Acropora caroliniana
- Conservation status: Vulnerable (IUCN 3.1)

Scientific classification
- Kingdom: Animalia
- Phylum: Cnidaria
- Subphylum: Anthozoa
- Class: Hexacorallia
- Order: Scleractinia
- Family: Acroporidae
- Genus: Acropora
- Species: A. caroliniana
- Binomial name: Acropora caroliniana Nemenzo, 1976

= Acropora caroliniana =

- Authority: Nemenzo, 1976
- Conservation status: VU

Species of coral

Acropora caroliniana is a species of acroporid coral that was first described by Nemenzo in 1976. Found in tropical, shallow reef slopes, it occurs at depths of 5 to 25 m in a marine environment. The species is rated as vulnerable on the IUCN Red List, with a decreasing population. It is rare, but has been found over a large area, and two-thirds of the regions of Indonesia.

==Description==
Acropora caroliniana species form in thick horizontal structures, made of flat branches. It is light green, pale blue or white-brown in colour, and are also found on small branchlets. These have large axial corallites with diameters up to 1.7 to 3.5 mm which become narrow at the ends, and curve upwards. The species' radial corallites are small and "pocket-like". It looks similar to Acropora lokani and Acropora loripes. It is found on the upper slopes of tropical, shallow reefs, at depths of between 5 and 25 m, and reaches maturity at over eight years.

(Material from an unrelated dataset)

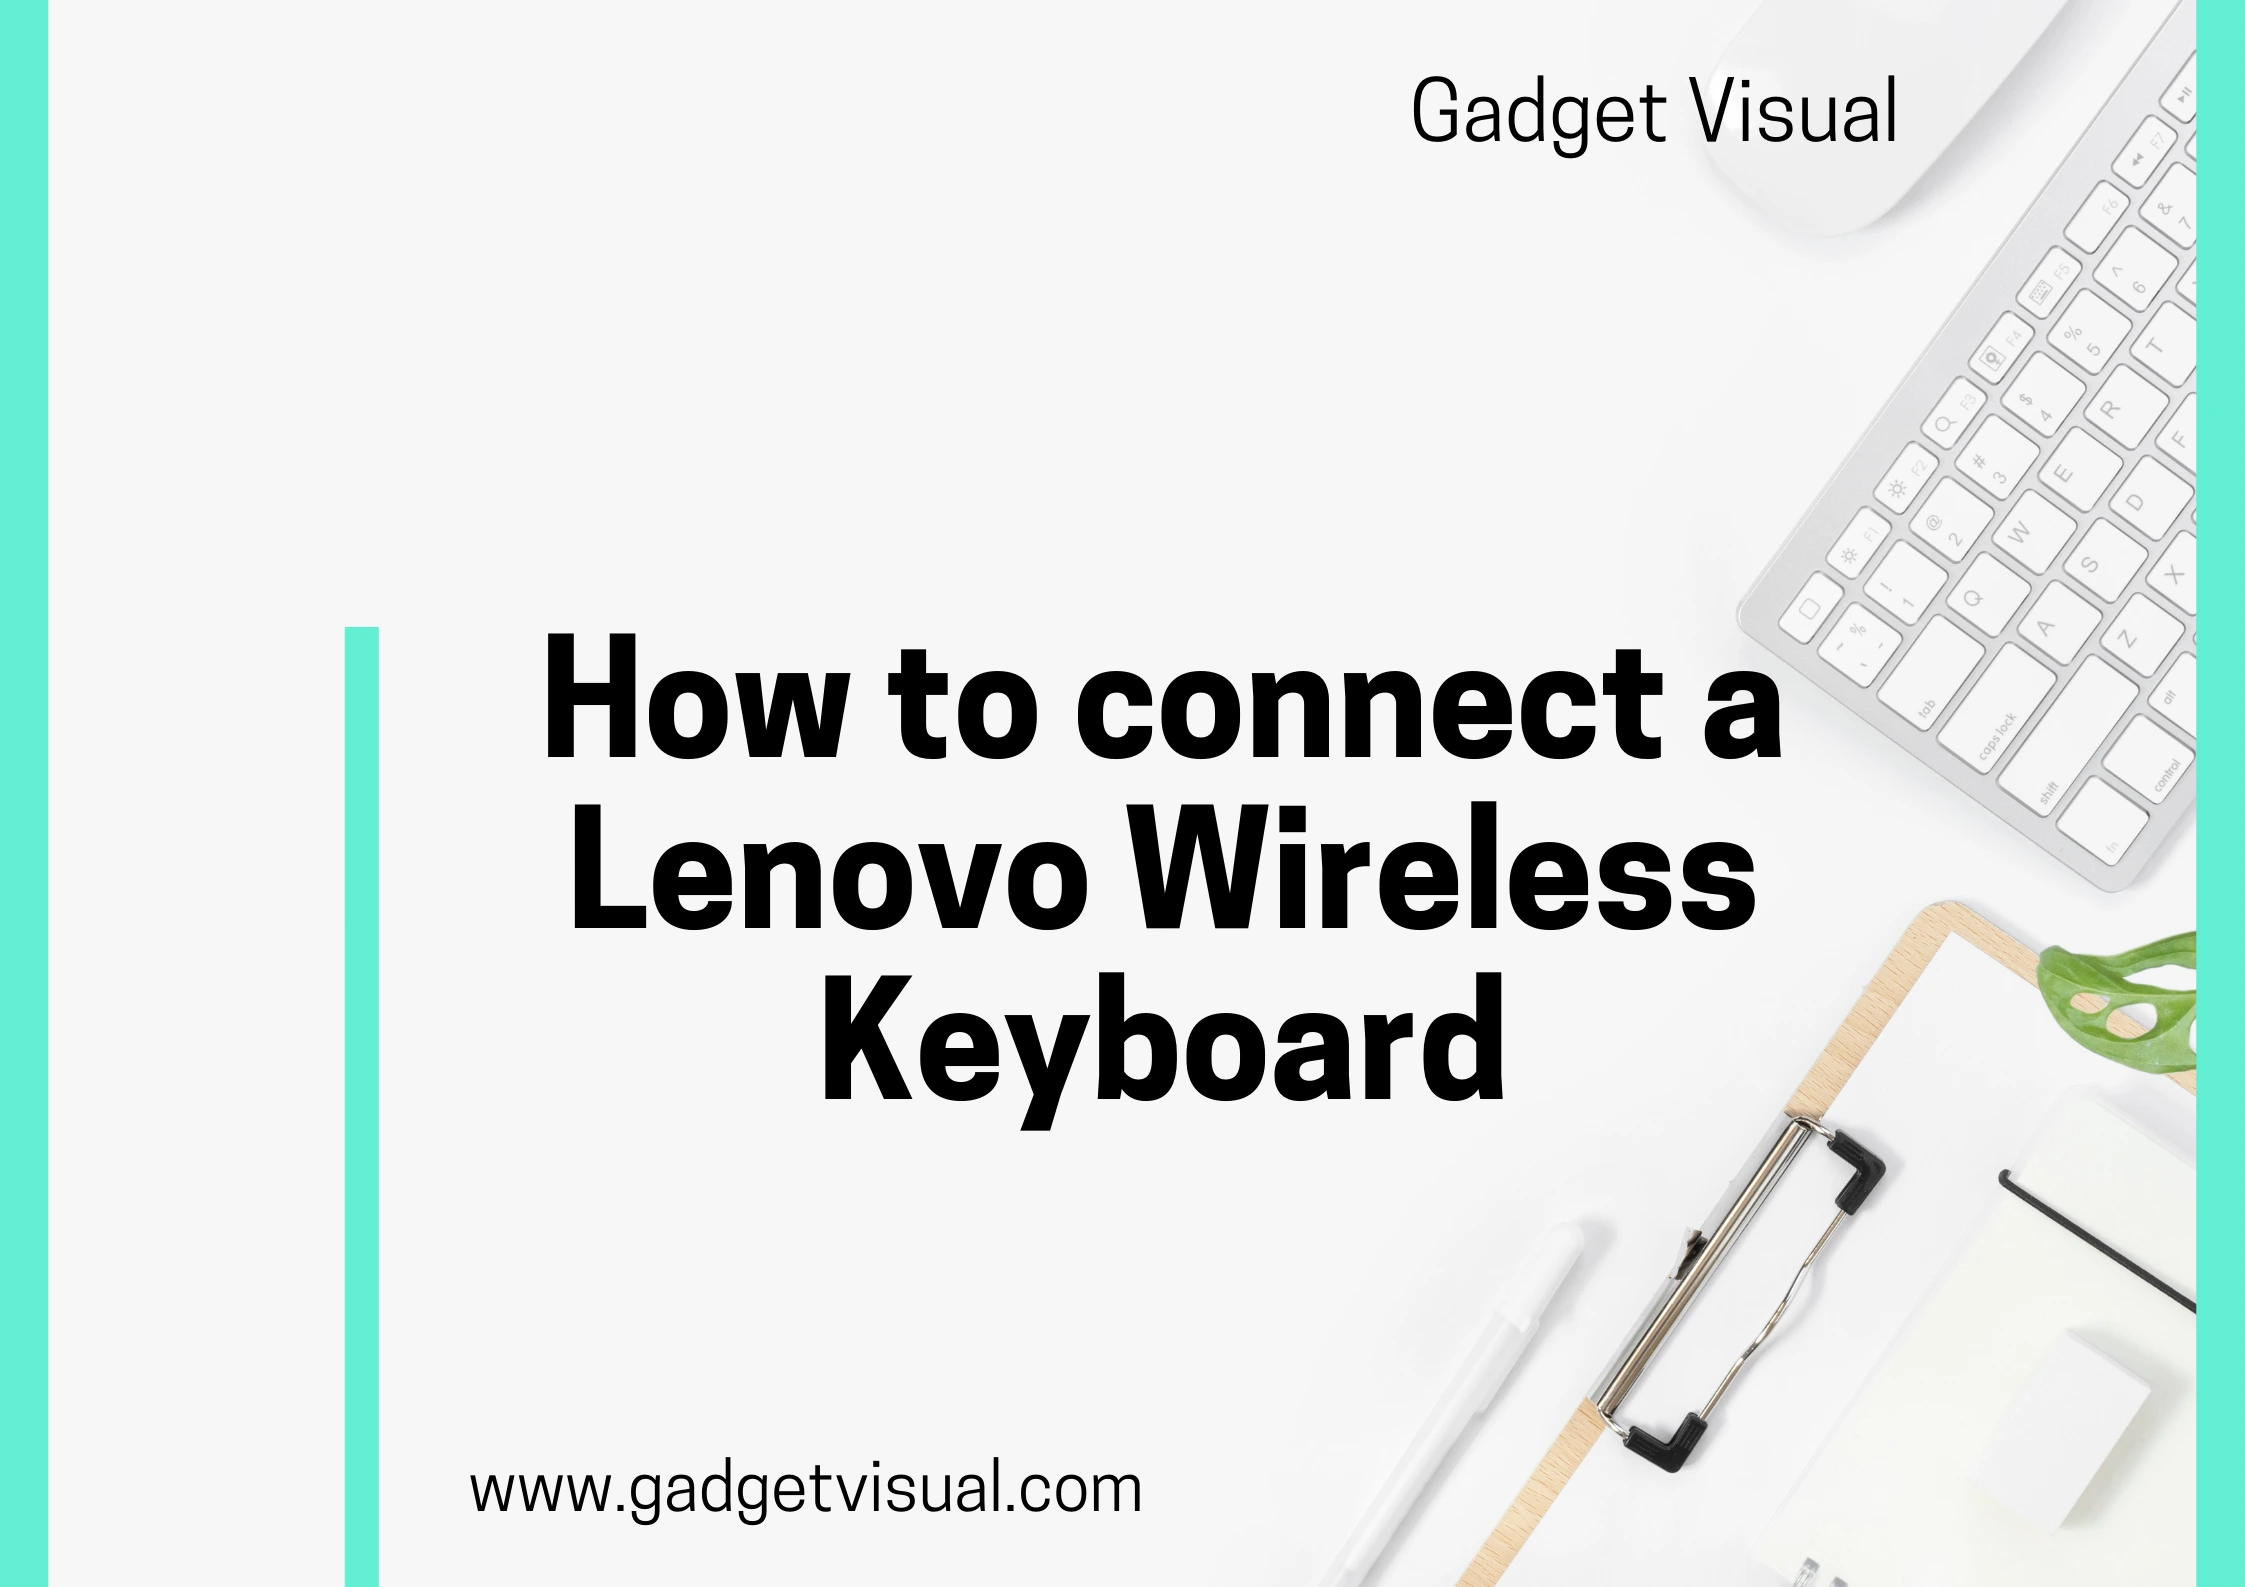 How to connect a Lenovo Wireless Keyboard

The species is found at temperatures of 25.48 to 27.5 C. Colonies have diameters of up to 50 cm and branchlets can reach lengths of 25 mm and widths of 8 mm.

==Distribution==
Acropora caroliniana is uncommon but found over a large area; Australia, western Pacific, the Indo-Pacific, Pohnpei, and Fiji in marine habitats. It occurs in two-thirds of the regions of Indonesia and also in Papua New Guinea. It is threatened by the global reduction of coral reefs, the increase of temperature causing bleaching, disease, coral harvesting, climate change, fishing, human development, pollution, and being prey to starfish Acanthaster planci. It is sometimes found in Marine Protected Areas. It is listed as a vulnerable species on the IUCN Red List as the population is decreasing, and is listed under Appendix II of CITES.

==Taxonomy==
It was first described by F. Nemenzo in 1976 in the Philippines as Acropora caroliniana.